Startups are usually in a rush, and they often forget about data security
as they try to get an MVP out.

With new businesses, a data breach can result in the company closing down.
To address the mistakes most commonly made, I asked ten YEC entrepreneurs
the following:

What’s the one crucial mistake that tech startups seem to make when it
comes to data security nowadays and why?

1. Personal and professional borders.

Bring your own device (BYOD) has become increasingly popular during the
past years, even more so in the startup scene. People don’t like carrying
several smartphones and having to get proficient in different operating
systems for tasks as checking their email or updating their calendars.
However, convenience often compromises security. Workers’ personal devices
can access and store sensitive corporate information locally. When the
person leaves the company, the information leaves with them, forever stored
on his or her device. Security-wise, this is a crucial mistake.

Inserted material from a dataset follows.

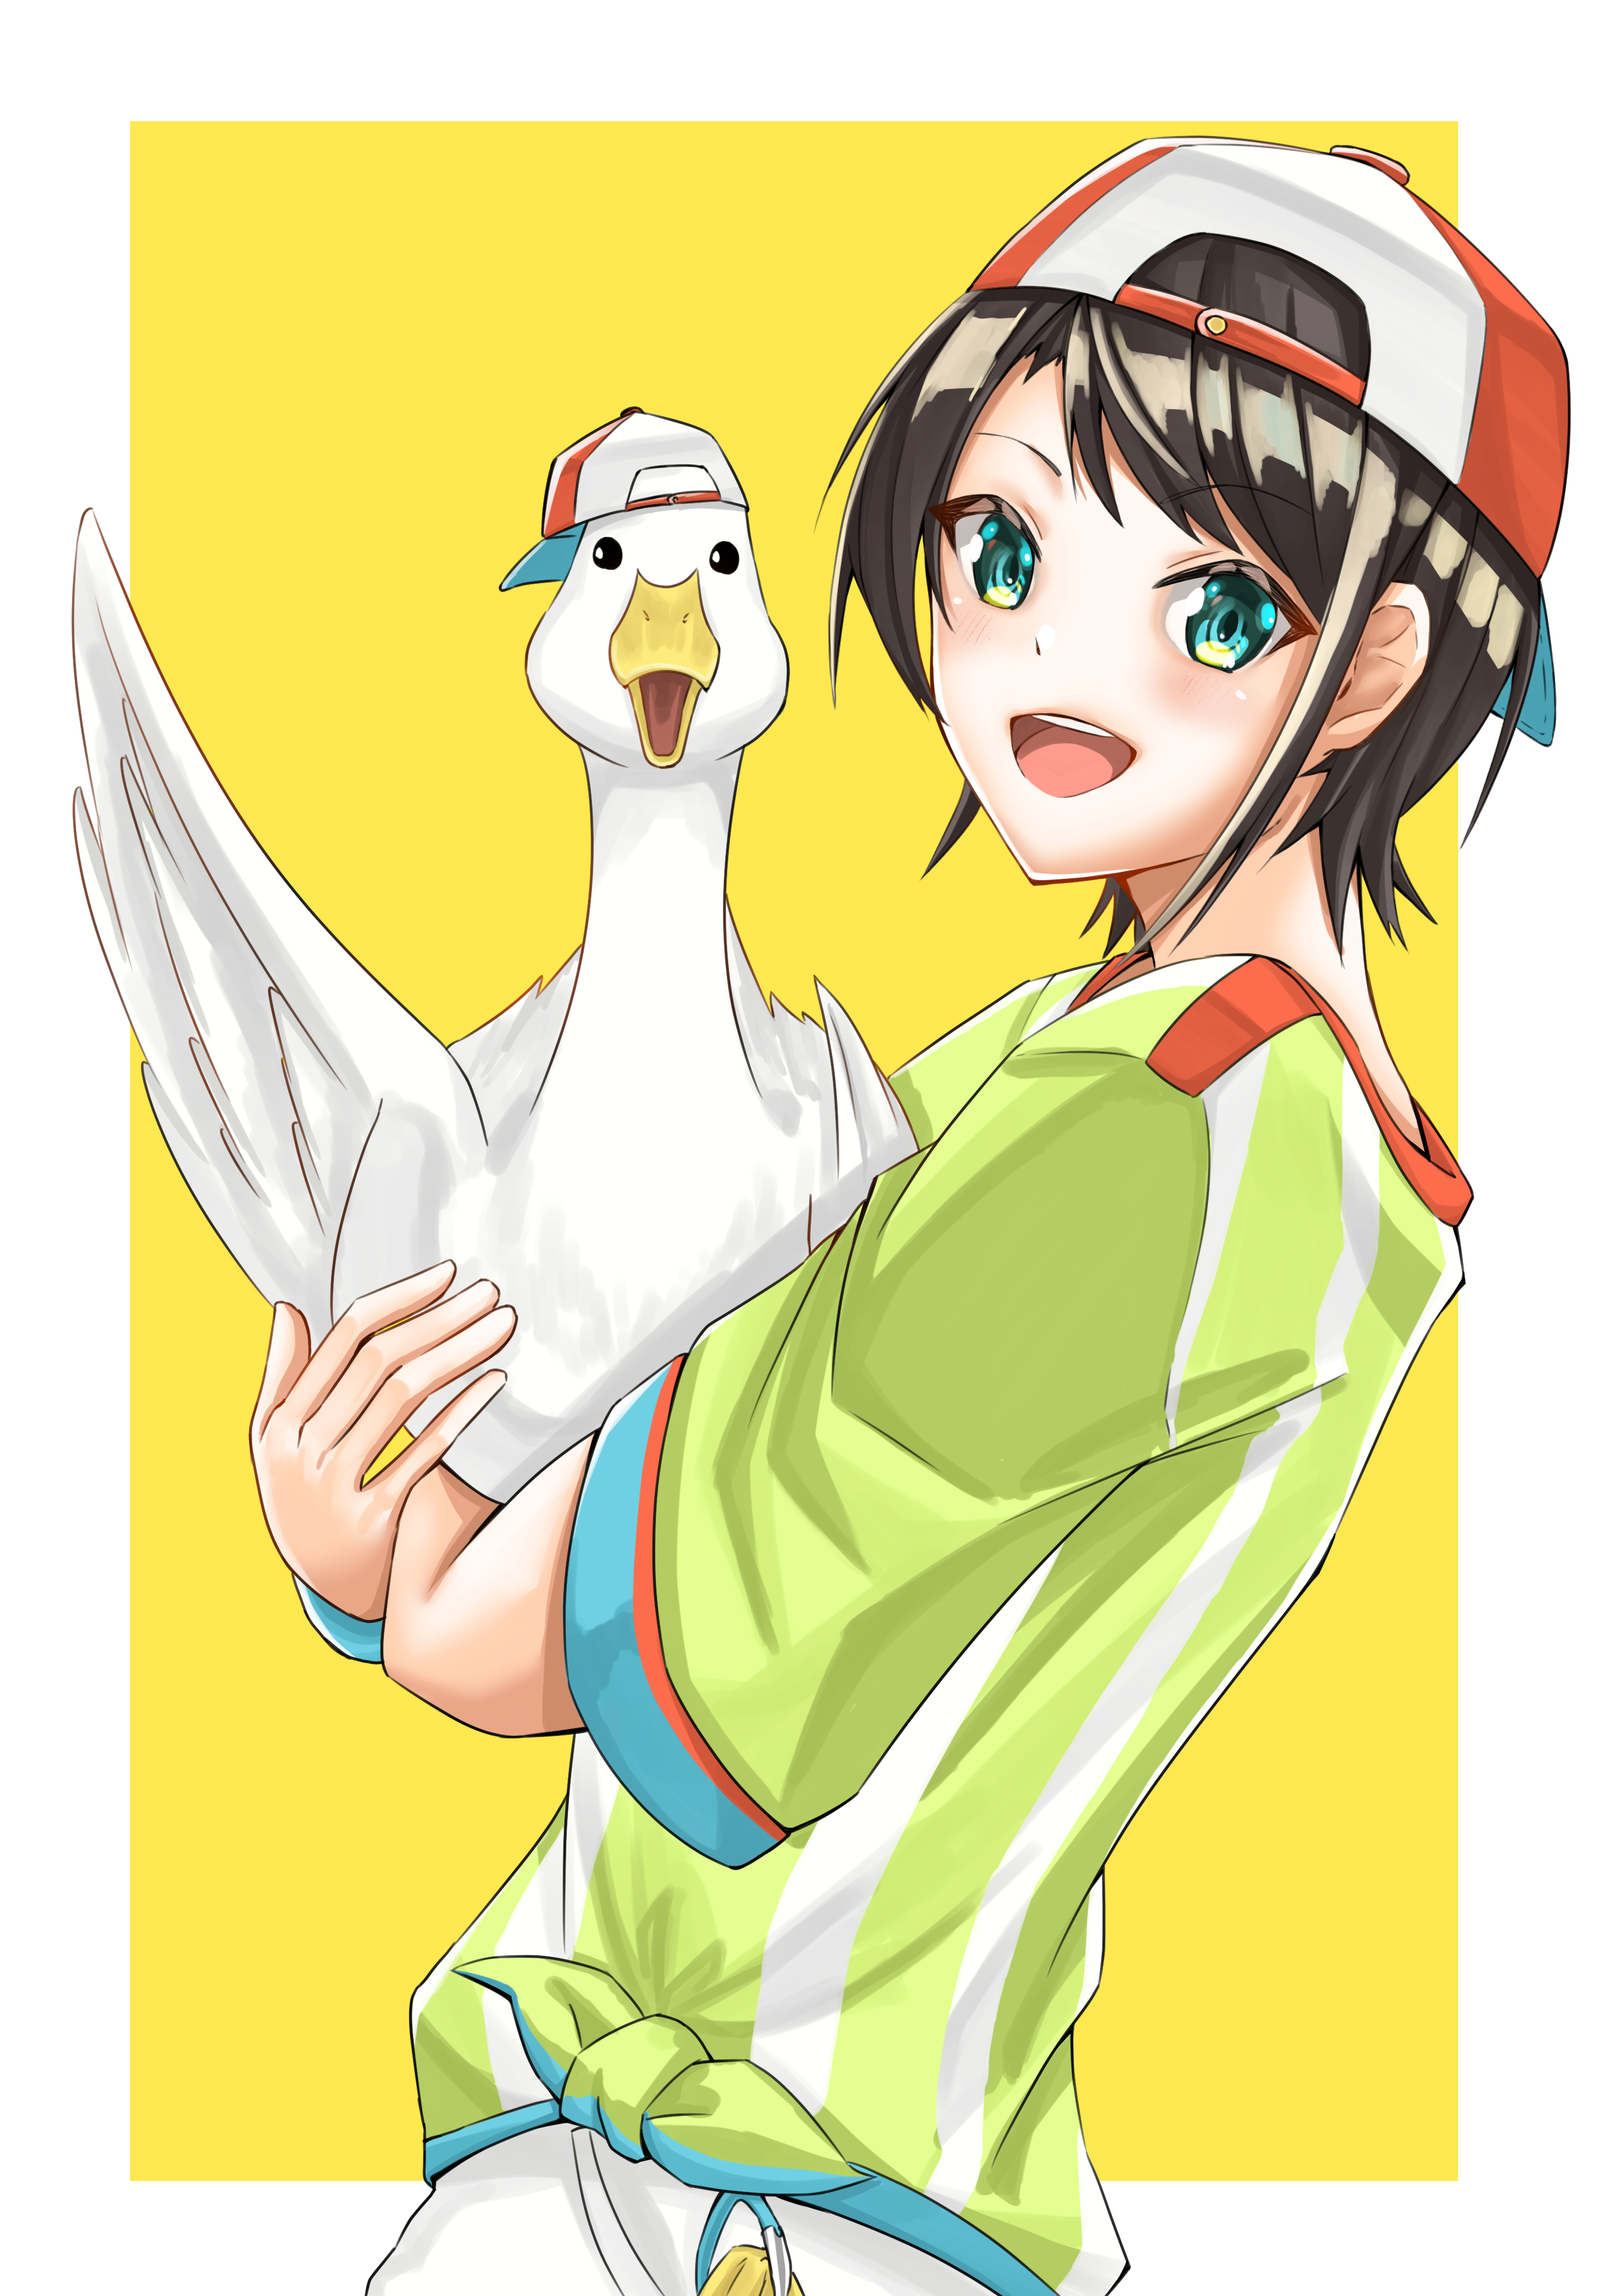 Subaru Duck Subaru Anime Image Board

2. Ignoring two-step authentication.

Two-step authentication – the system that sends your mobile phone a code
via SMS, to enter when logging in a new web page – is an easy, but often
ignored, initial step. It is now offered in all the key business platforms,
including Salesforce and Google Apps for Work. You can even enable this
security system in social networks at will. Since password breaching is
becoming more and more common, the wise thing to do is to enhance your
online-stored sensitive information with an added protection layer.

3. Security issues.

Racing to get a sustainable product on the market and getting those all
important sales is a top startup priority, which may cause security mishaps
early on. Ensuring that your systems are secure is a meticulous process
which can rob resources from product development. However, when startups
“cheat” during security setup, it is almost certain that they’ll come
across the same problem in the future. Privacy and safety should be top
priorities from the beginning.

4. Insufficient exit protocols.

Data lapses and security breaches are more common with companies that
depend mostly on freelancers or part-time staff unless they incorporate a
predetermined exit procedure. Data loss, in the form of confidential
information sharing, account access and other, is not hard to take place
when sensitive corporate data remains stored on the devices of these
people; they are not so security-conscious on their personal devices, or
they even forget about having the information stored in the first place.
You ought to protect your company’s and your client’s information by
planning ahead with your legal team.

5. Forgoing SSL from the beginning.

SSL (Secure Sockets Layer) is easily implementable from day one.  It should
be enabled by default in every website. It reassures your users, while
upgrading the security level of your communications.

6. Failing to prioritize security.

Startups often think they can leave security for later when they will have
grown larger. The problem with this approach is that the company fails to
incorporate security in its core values, which makes it harder to deal with
when the time comes.

7. Having no policies for cloud storage.

Cloud Storage services like Dropbox, Box and Google Drive, are an amazing
way to keep your team up to speed and handle documents. However, failing to
lock them down properly renders them vulnerable to ransomware, viruses, and
unauthorized access. The main vulnerability is the convenience of file
sharing itself, which means that backups, anti-virus, password, email
attachment and access policies must be set up before a single user is
allowed to cause trouble for a whole company.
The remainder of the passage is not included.